# Task prompt
Reproduce every line of the data, exactly and without its pictures.

# Data section

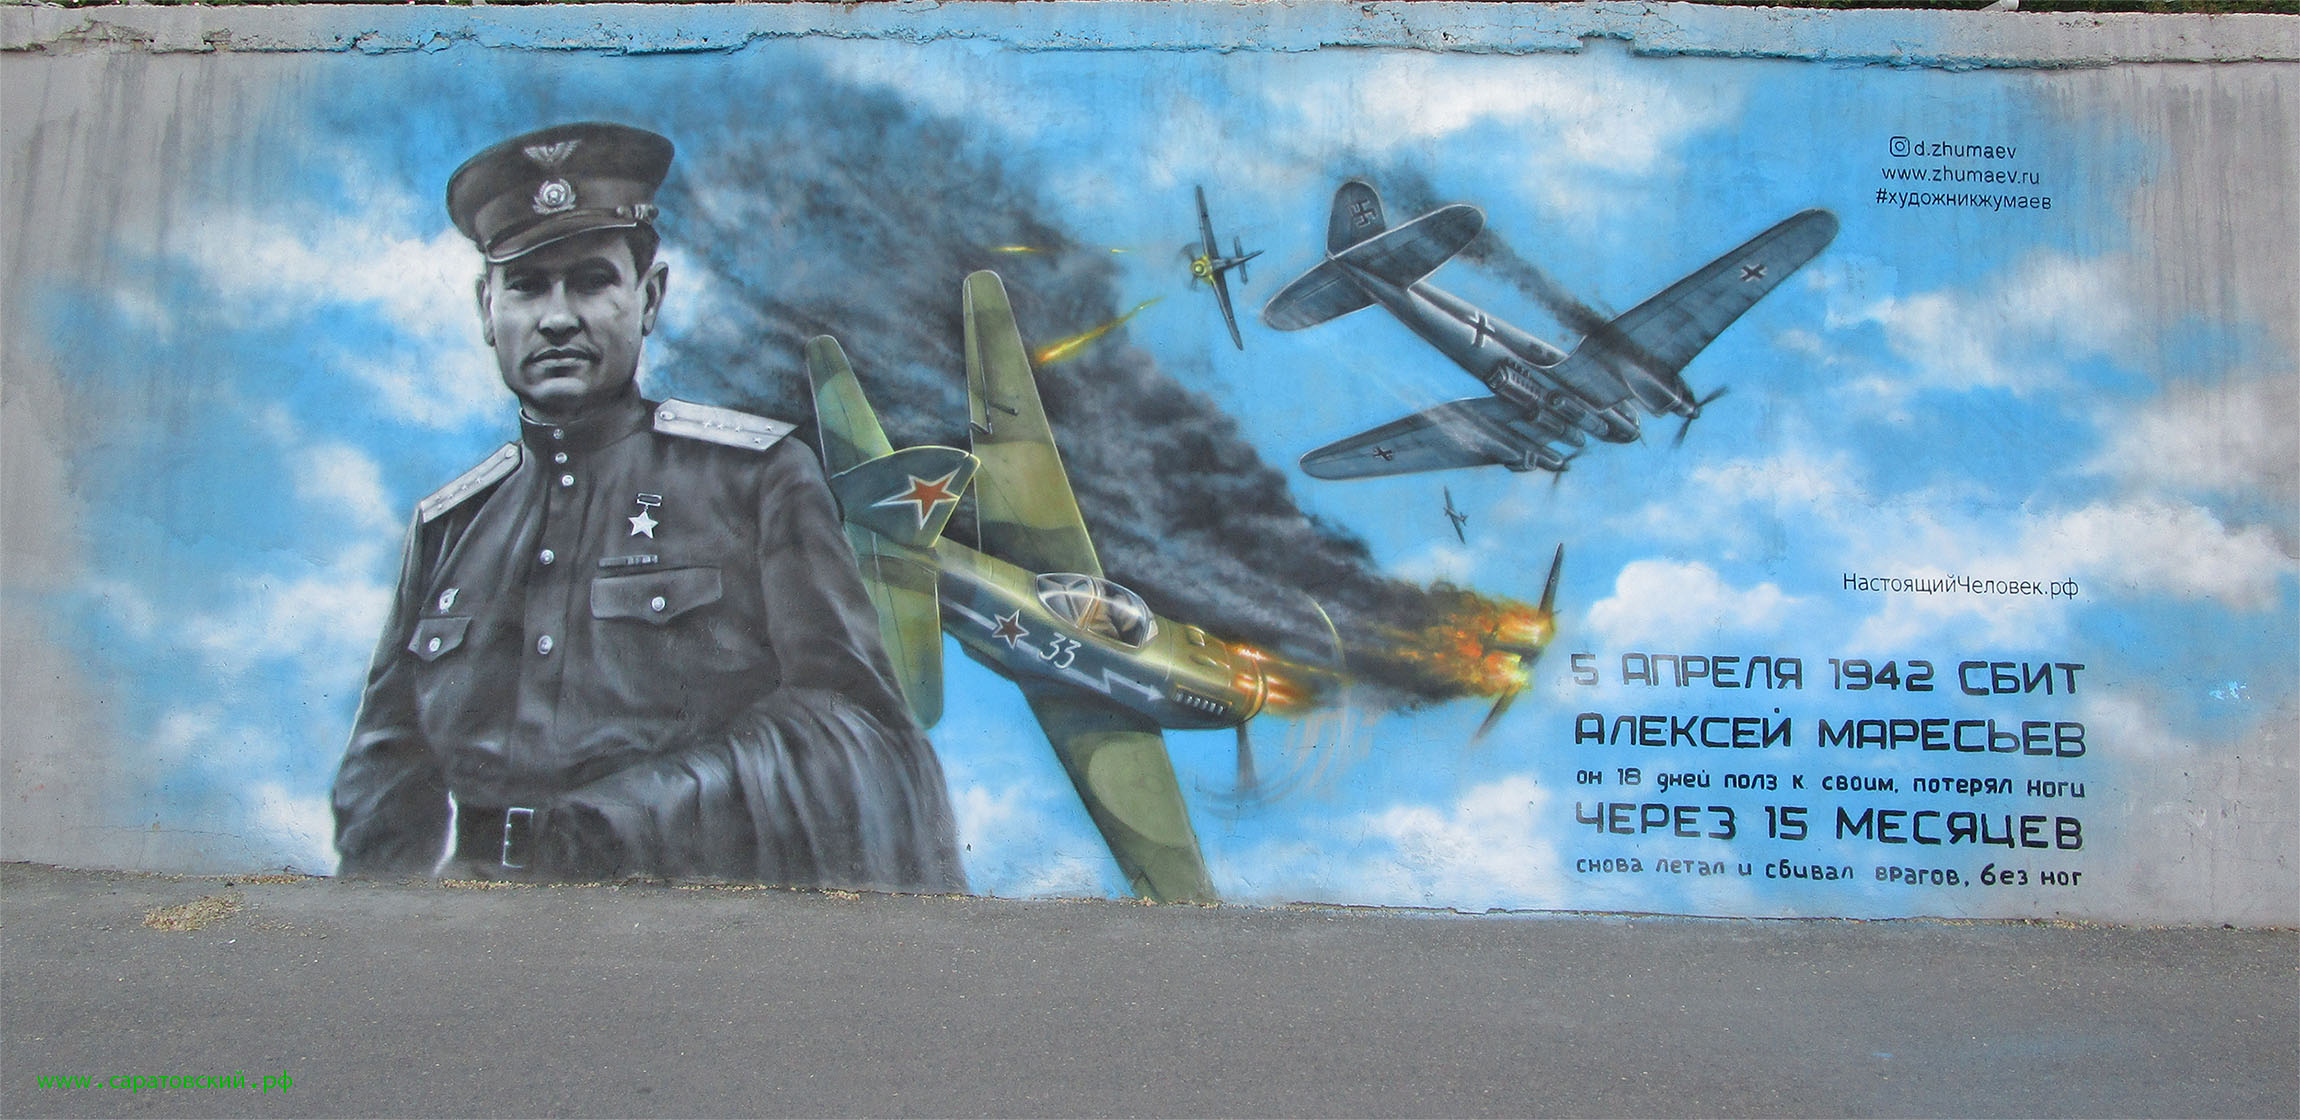 Saratov embankment graffiti: Alexey Maresyev and Saratov, Russia
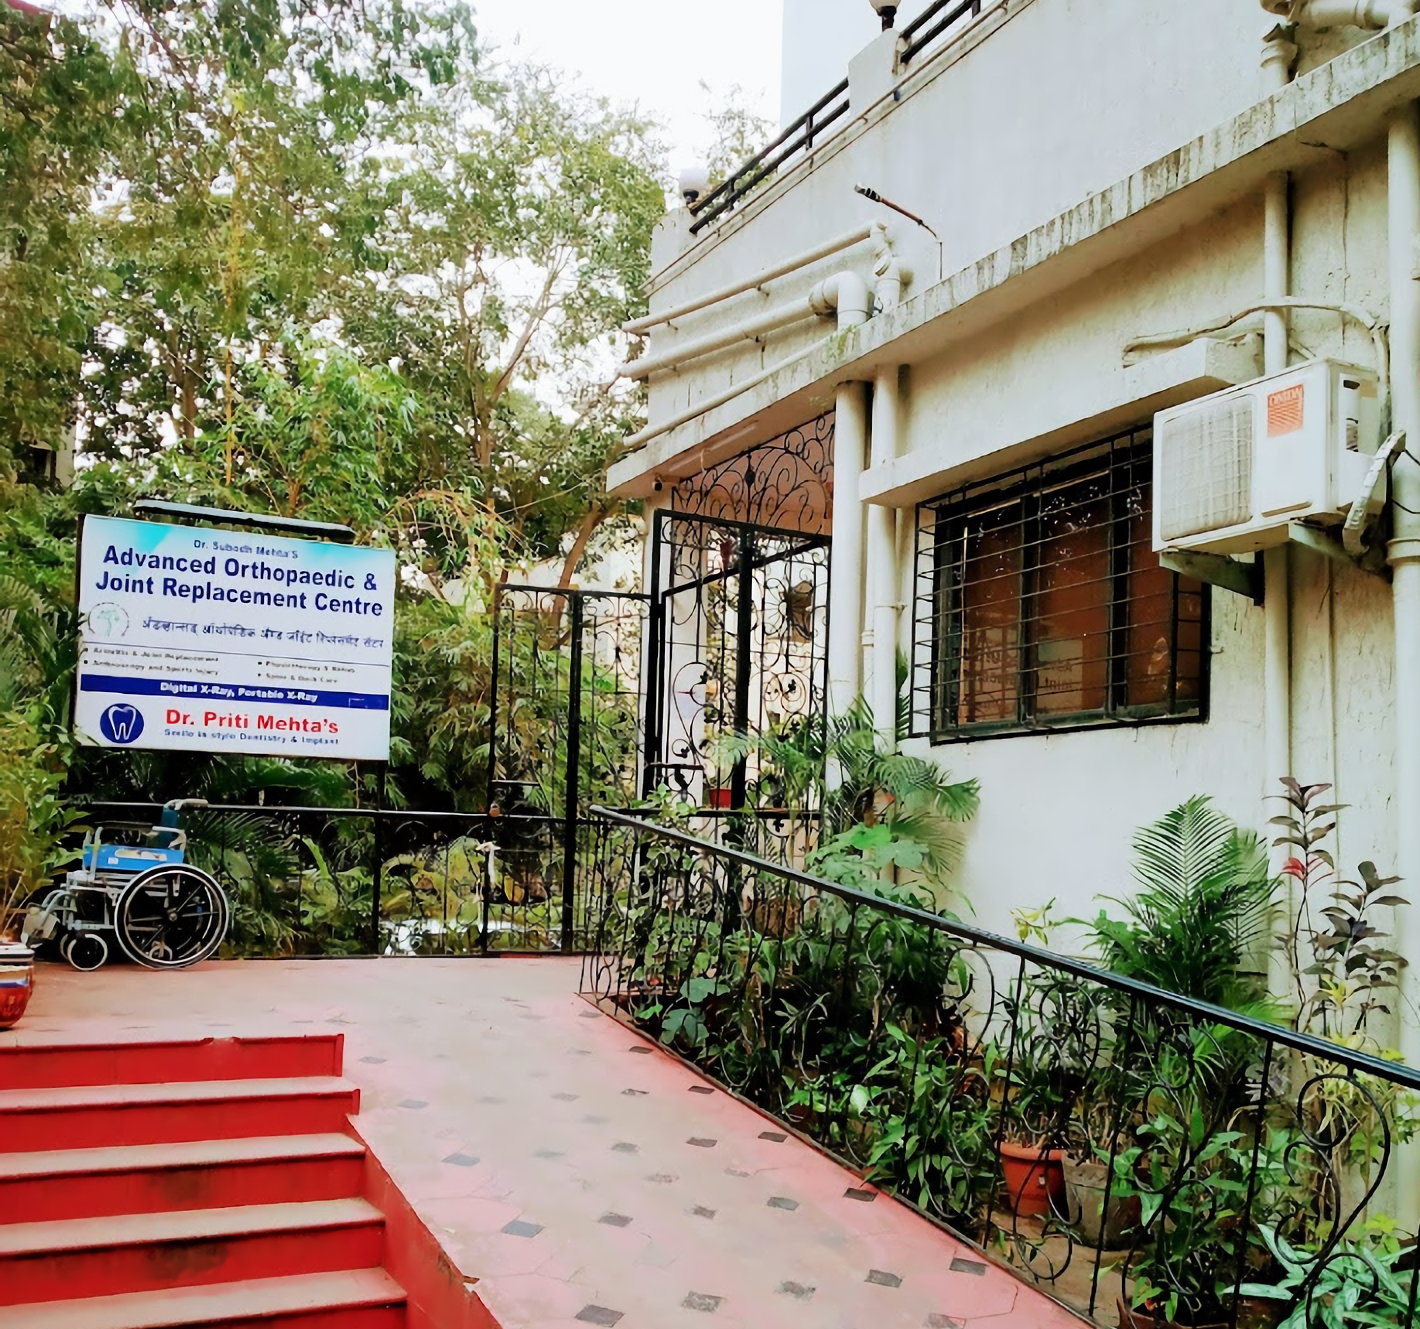 Dr. Subodh Mehta's Advanced Orthopaedic Centre
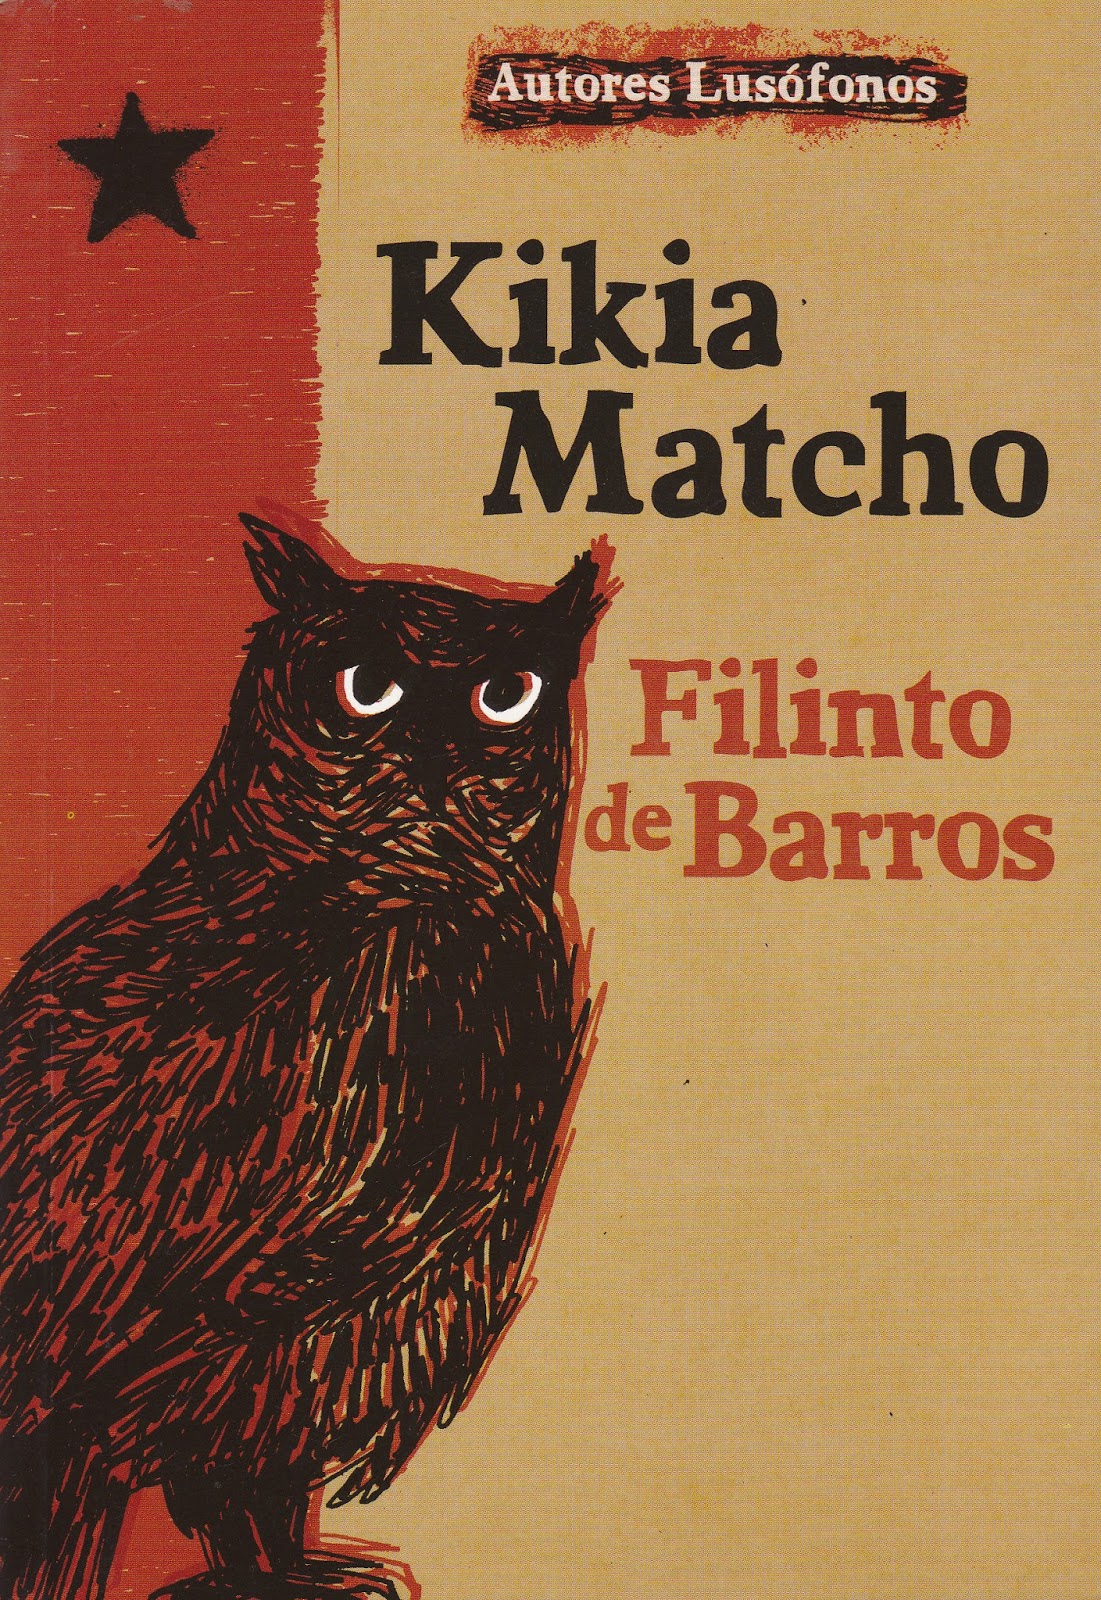 Kikia Matcho de Filinto de Barros
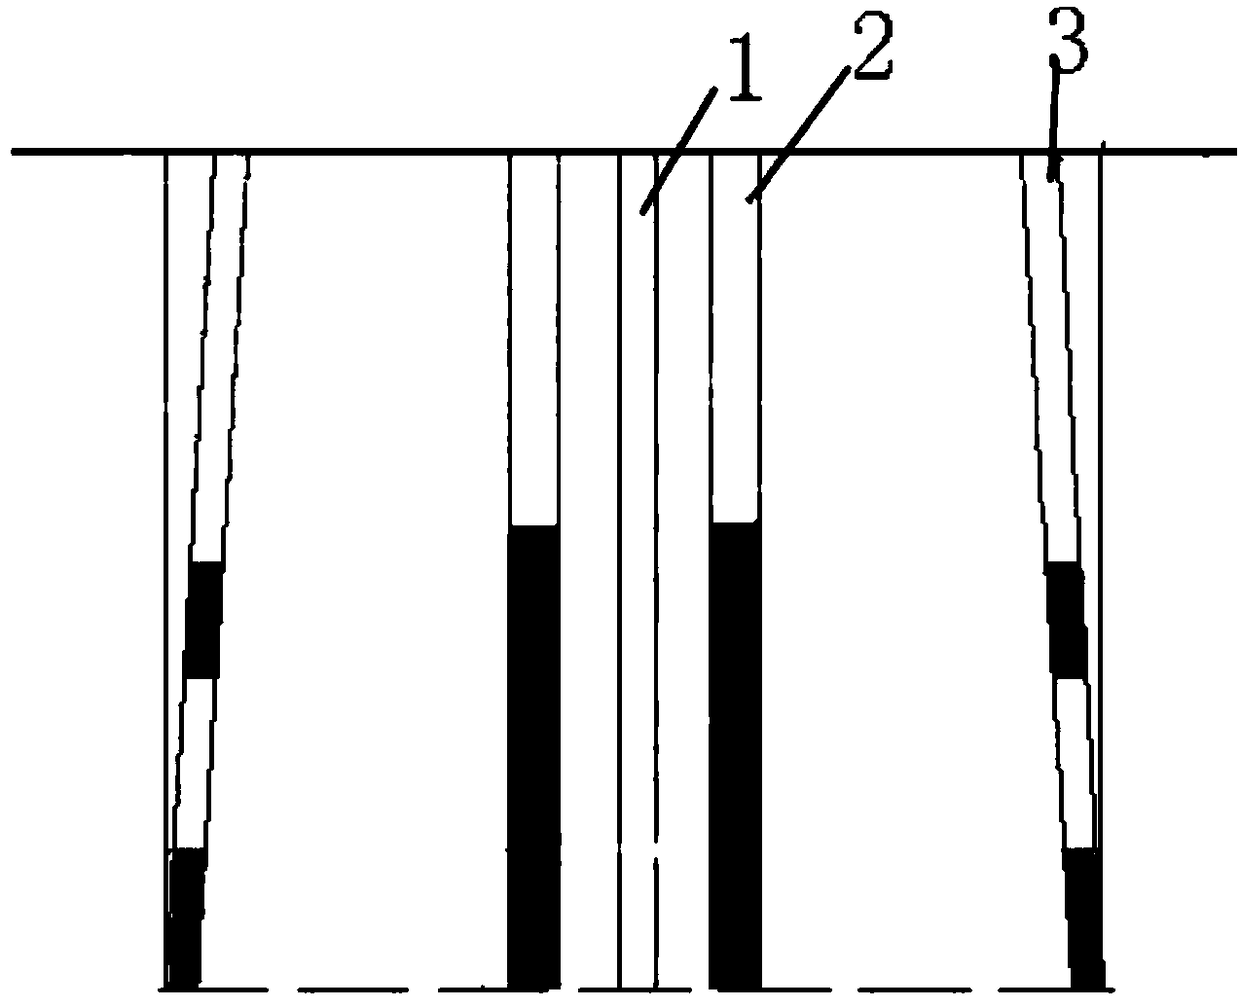 Blasting method for bridge cylindrical pile foundation with pile foundation diameter of 1.1-1.3m

# Exercise response
 Saratov embankment graffiti: Alexey Maresyev and Saratov, Russia
 Dr. Subodh Mehta's Advanced Orthopaedic Centre
 Kikia Matcho de Filinto de Barros
 Blasting method for bridge cylindrical pile foundation with pile foundation diameter of 1.1-1.3m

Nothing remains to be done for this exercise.